The habit of breaking up one's colour to make it brilliant dates from further back than Impressionism—Couture advocates it in a little book called "Causeries d'Atelier" written about 1860—it is part of the technique of Impressionism but used for quite a different reason. Couture, Delacroix, Orchardson break up their colour but they are not Impressionists.
 Yours sincerely, John S. Sargent.
Did Monet agree with Sargent's correction of Jameson? Charteris shared Sargent's letter with Monet, and Monet recalls the famous origins of the word from the critic Louis Leroy, and he seems less willing to split hairs:
"Impressionism it is only the immediate sensation. All painters were more or less impressionistic. This is especially a matter of instinct. All this is simpler than Sargent believed. The term Impressionism was invented by the satirical newspaper as ridicule, which angered Manet. I did a lot wrong, because I was a bad example of it. . . I needed to create a cooler sensation. Yes it is the fading and passing tones within a tone. It is a nuance, for example between blue and yellow. It is something that can only be expressed in painting. It is true that the sun decomposes everything.

Monet then turned to recollections of Sargent:

(Above: Sargent "Venetian Bead Stringers")
"I remember for the first time meeting Sargent and [Paul] Helleu at the Rue de la Paix 1876. Sargent was making a fuss over me, saying, “Is that really you, Claude Monet?” Then he invited me to dinner. He wanted to take us to the Cafe de la Paix, and he had many friends with him. I suggested the Cafe du Helder, and requested a private room. Unfortunately there were several of my pictures there, I was embarrassed as we entered, ashamed that Sargent and the others might think it was because of my paintings I had brought us to Cafe Helder."
Monet continued that when he saw Sargent in London, Sargent claimed that Sargent himself was not an Impressionist in the sense that he understood the word because he was too much under the influence of his teacher Carolus-Duran. Carolus-Duran drew his inspiration more from the Spanish school of Velazquez, which put its emphasis on correct values.
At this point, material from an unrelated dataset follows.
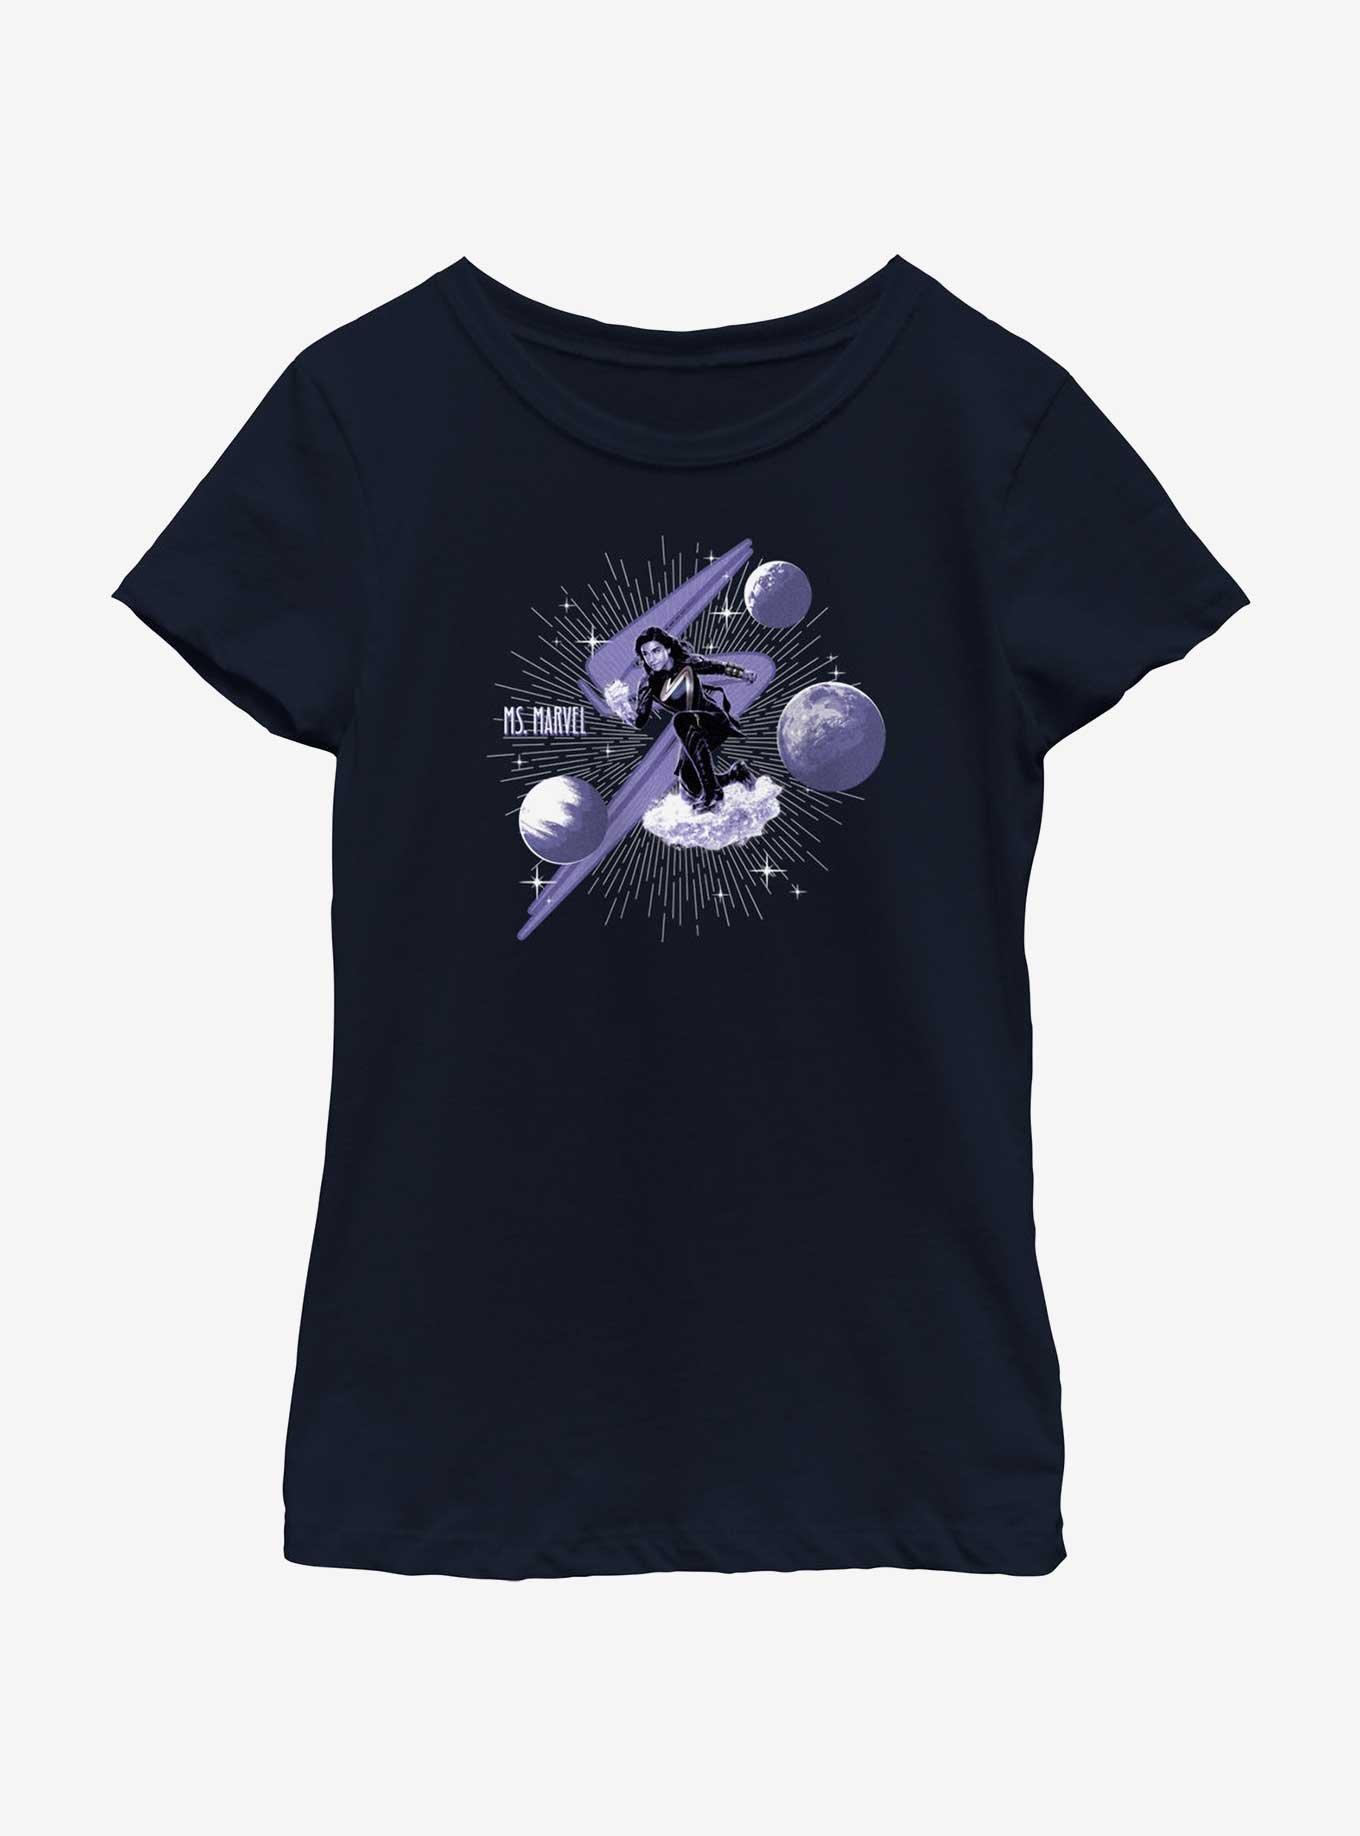 Marvel The Marvels Ms. Marvel Interplanetary Youth Girls T-Shirt, NAVY, hi-res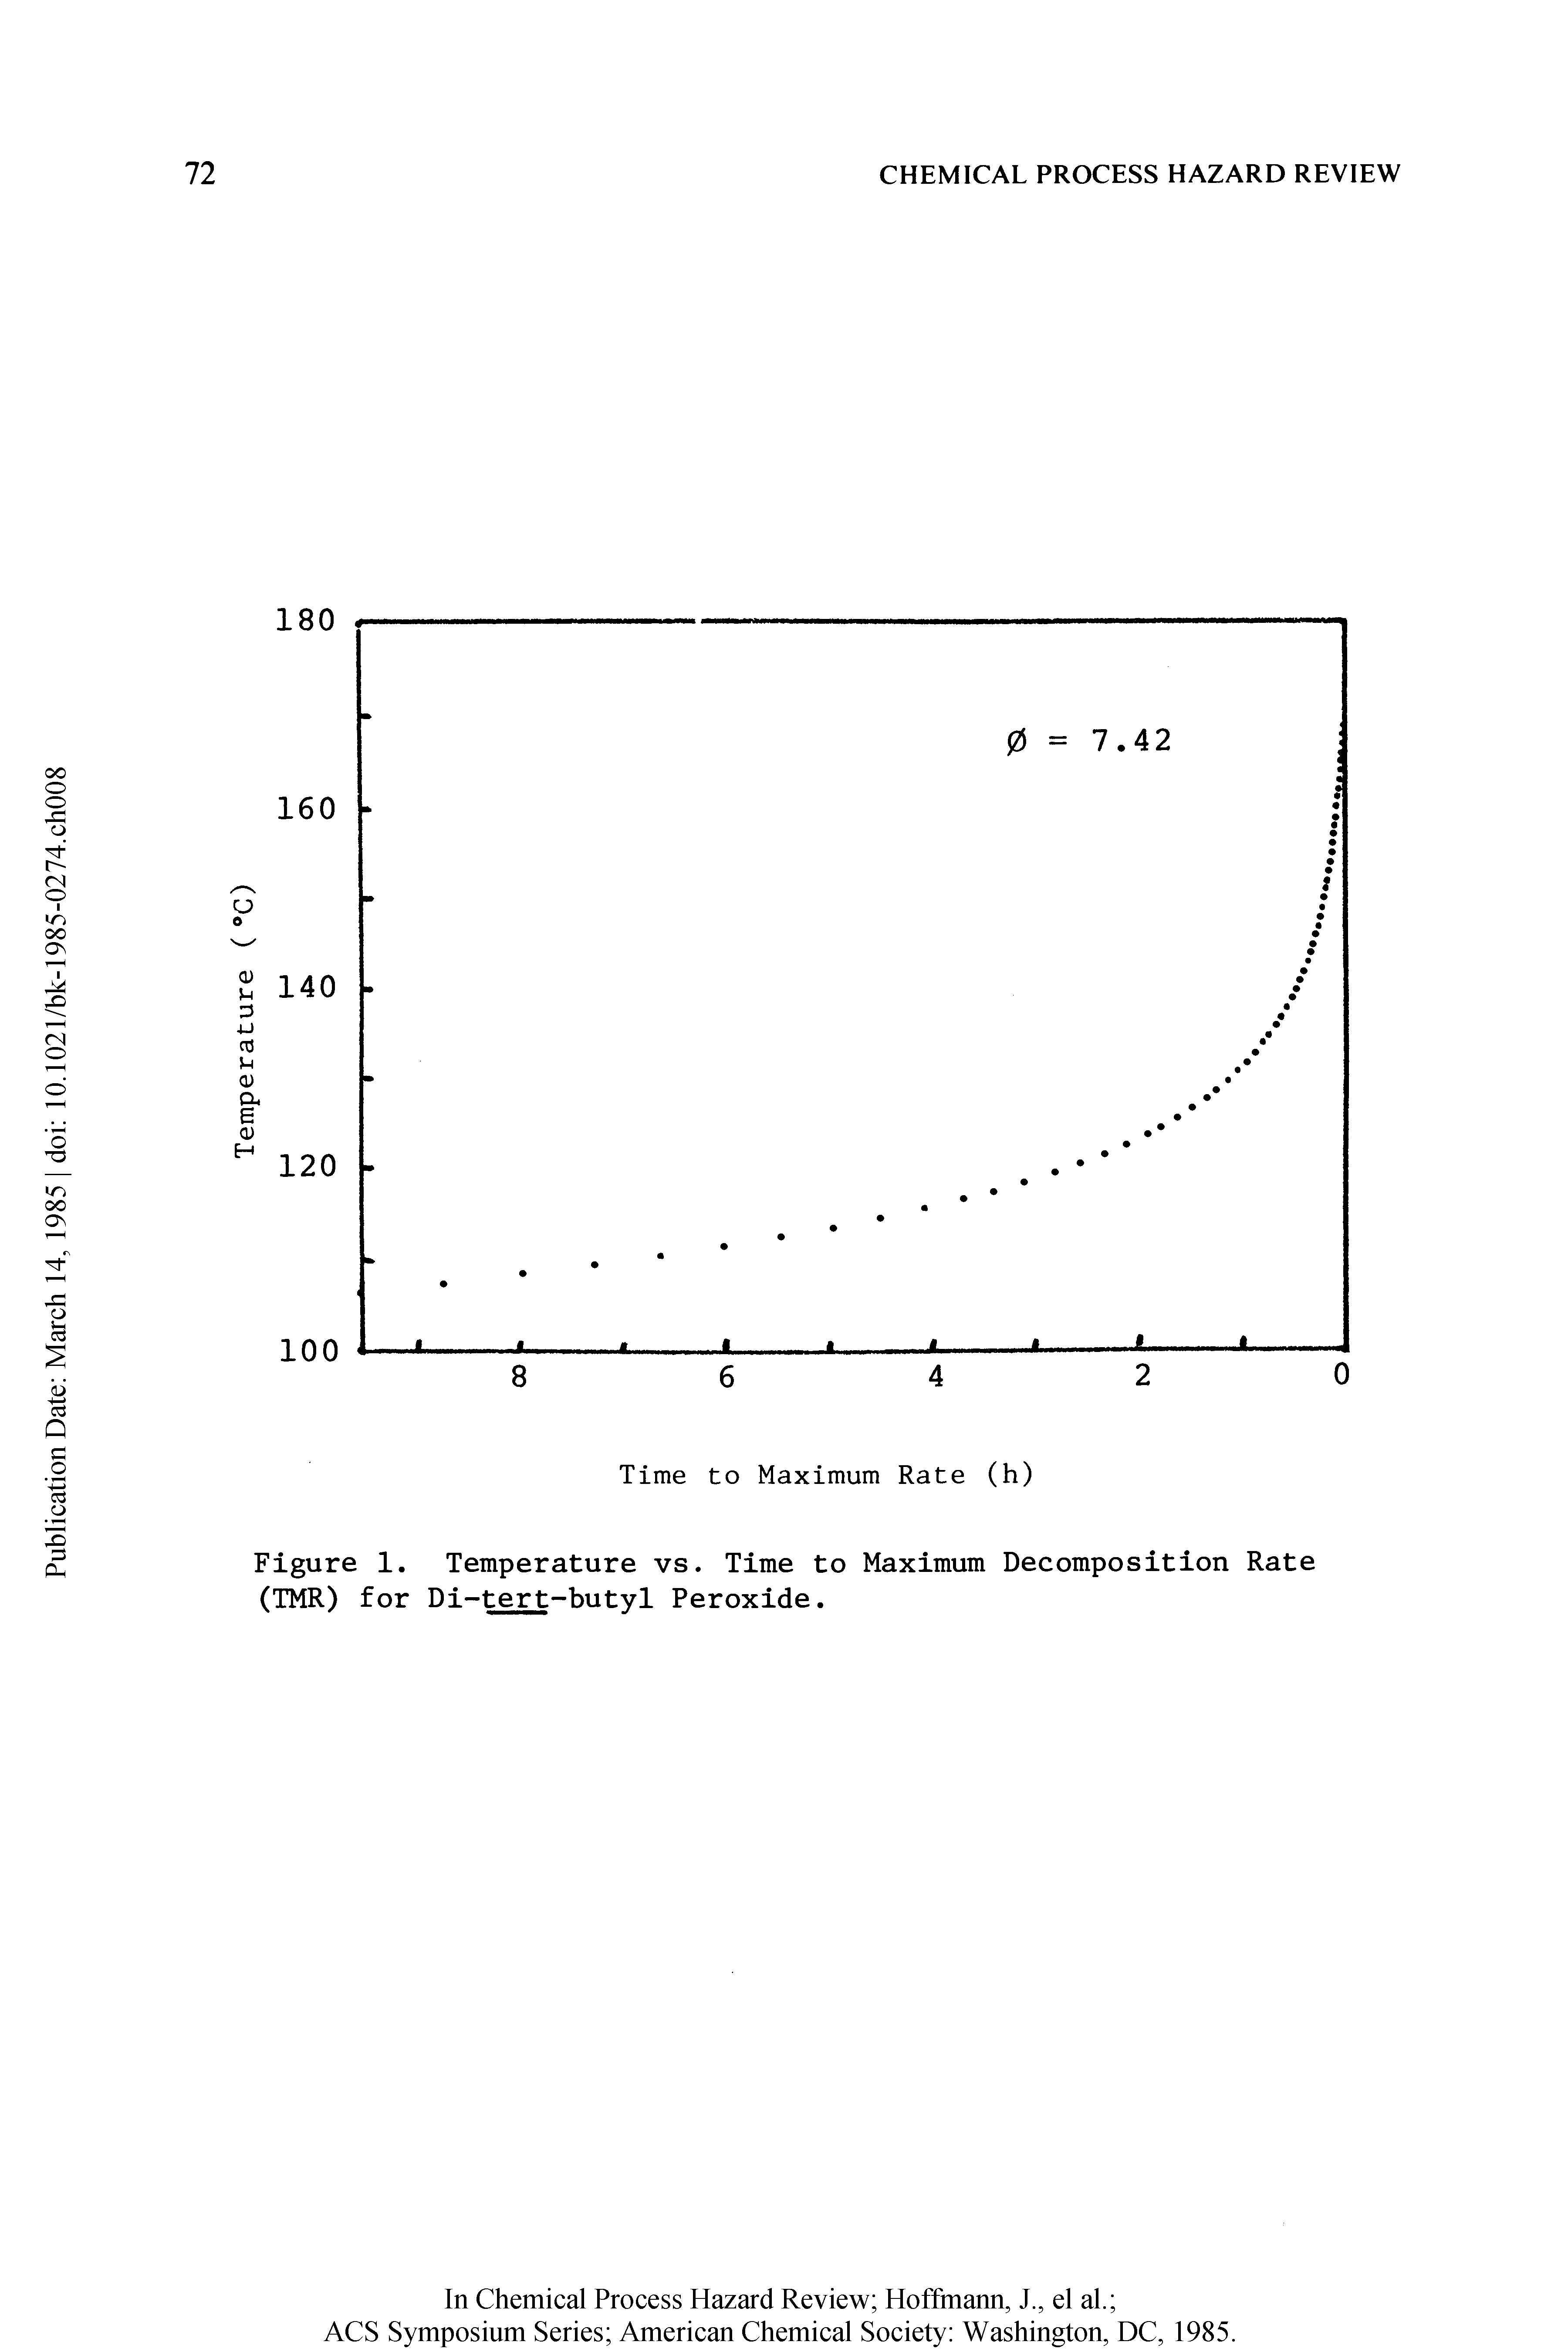 Figure 1. Temperature vs. Time to Maximum Decomposition Rate (TMR) for Di-tert-butyl Peroxide.

Monet said further, with great modesty, that "Sargent is greater than I am...I have a horror of theories. At least I have the merit of having painted directly to nature by seeking to make my impressions of the most fugitive effects. I am sorry to have been the cause of this name that has been given to a group, most of which had nothing impressionism."
----
This revelation has made me revise my assumptions about the relationship of Sargent and Monet, and about the intent of Impressionist painting. It has made it easier for me to look beyond some of its more obvious, extreme, and external features. I am especially surprised to see the term cast in terms of the eye's response not only to very bright light, but also very dim light.